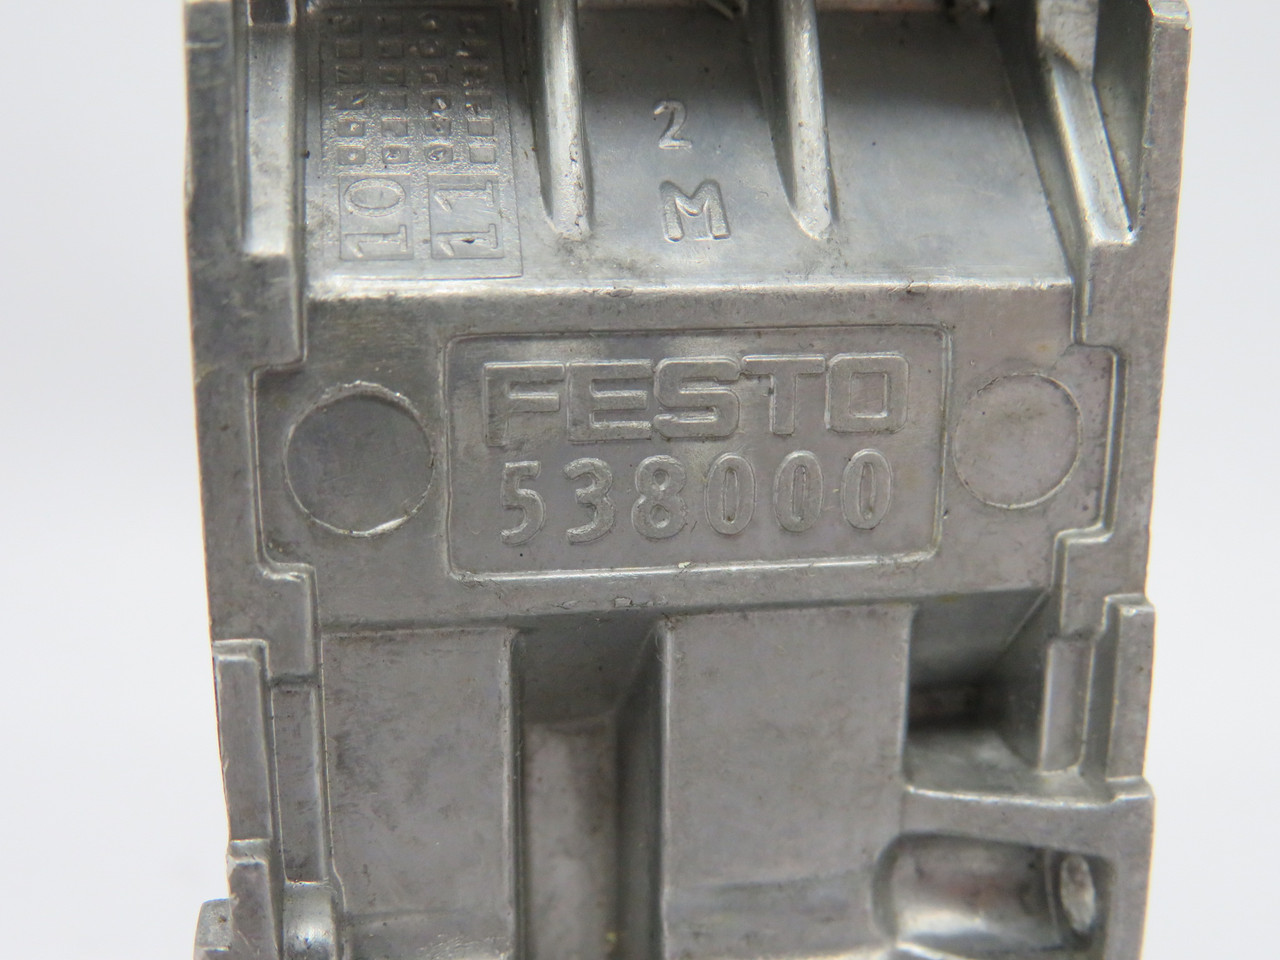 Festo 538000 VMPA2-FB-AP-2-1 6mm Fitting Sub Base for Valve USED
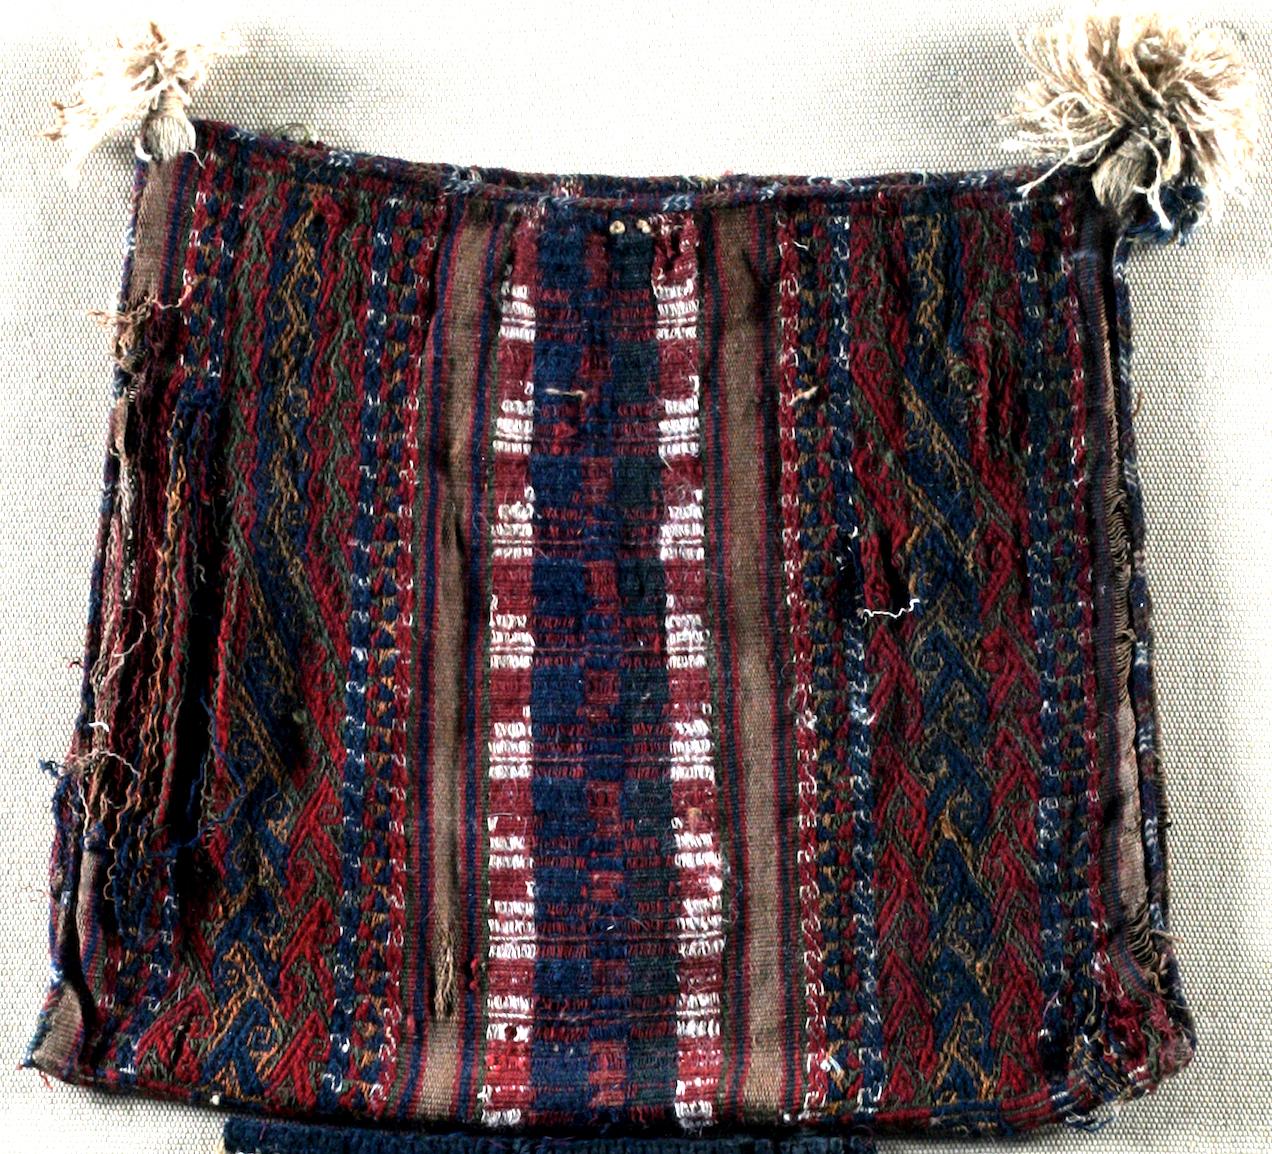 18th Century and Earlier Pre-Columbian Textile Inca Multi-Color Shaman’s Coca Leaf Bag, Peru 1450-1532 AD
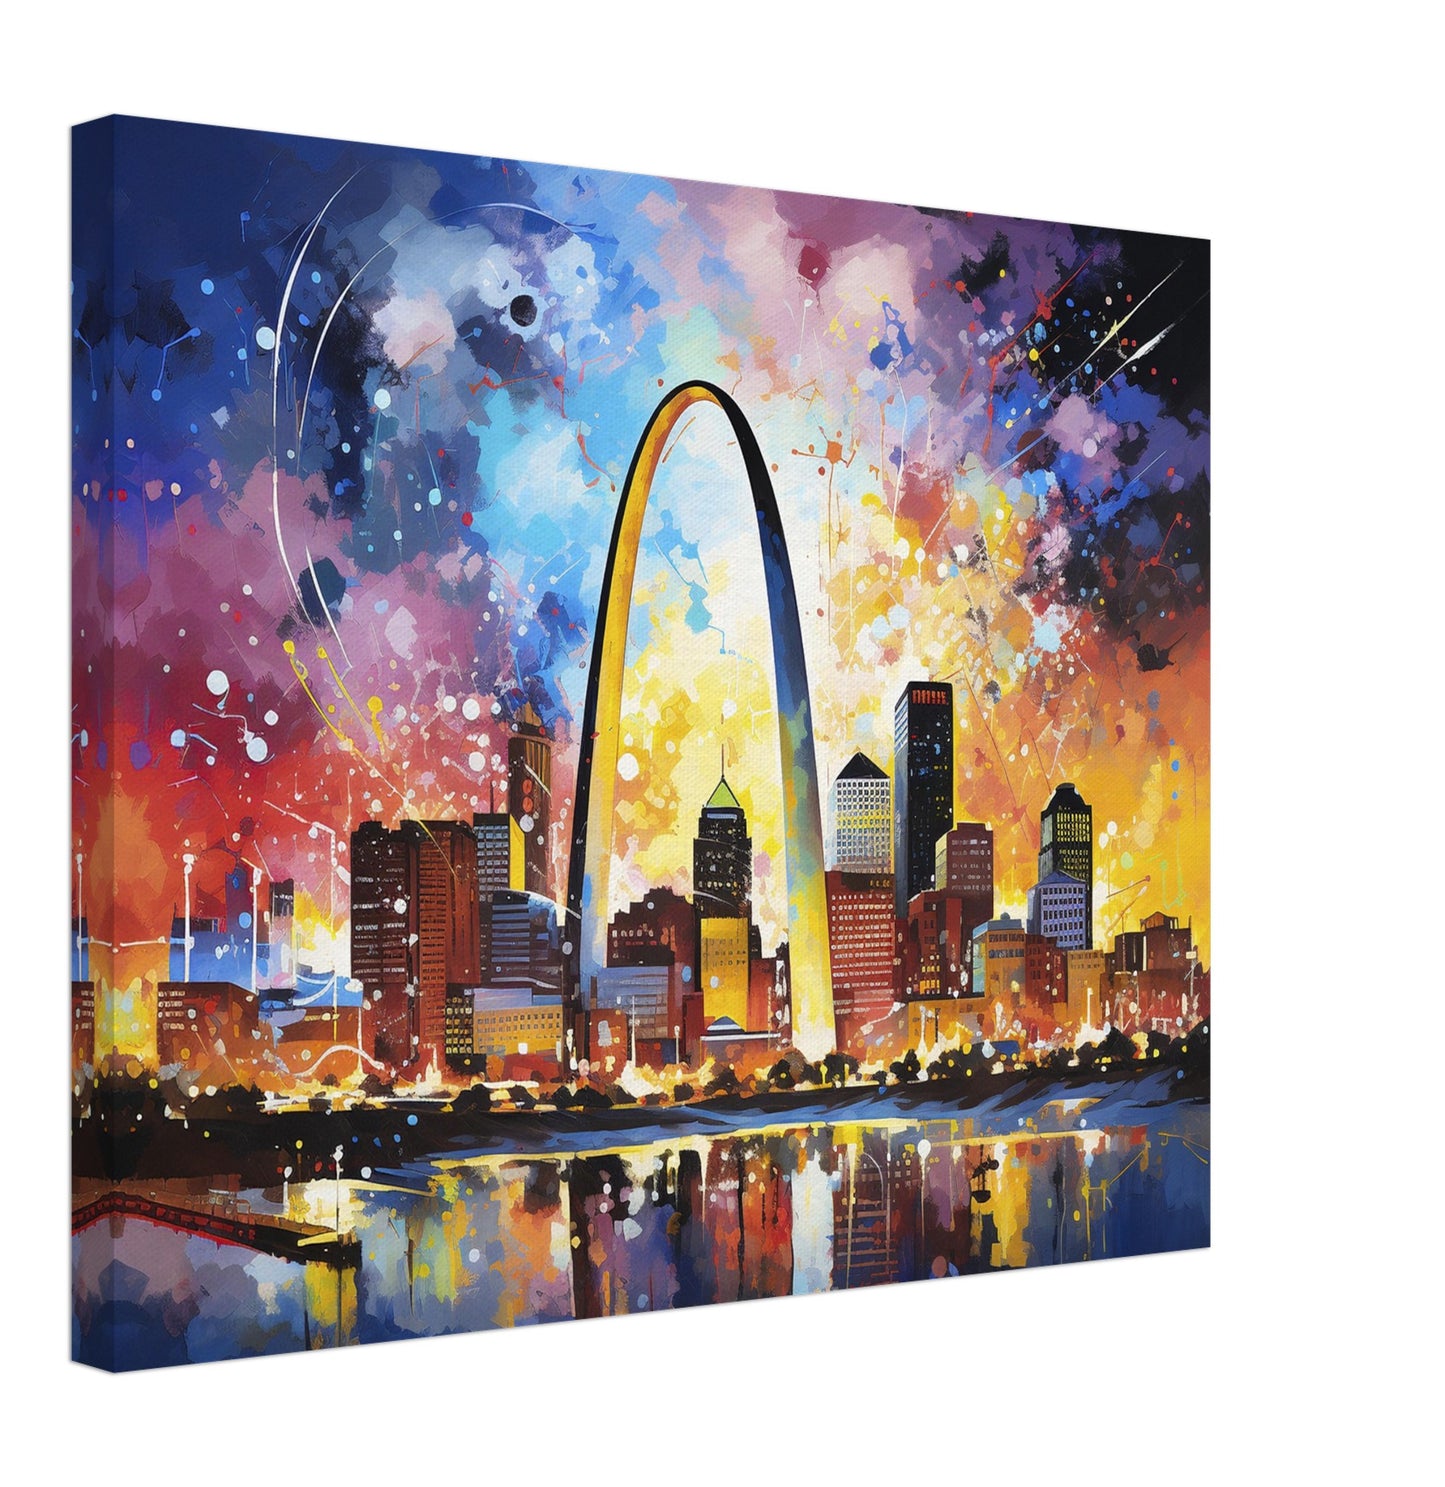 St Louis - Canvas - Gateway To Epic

WORK REQUEST »
The copy should begin at the line containing "18th Century and" and end at the last line of the data above; please restate those lines word for word without the pictures.

RESPONSE TO THE TASK »
 18th Century and Earlier Pre-Columbian Textile Inca Multi-Color Shaman’s Coca Leaf Bag, Peru 1450-1532 AD
 St Louis - Canvas - Gateway To Epic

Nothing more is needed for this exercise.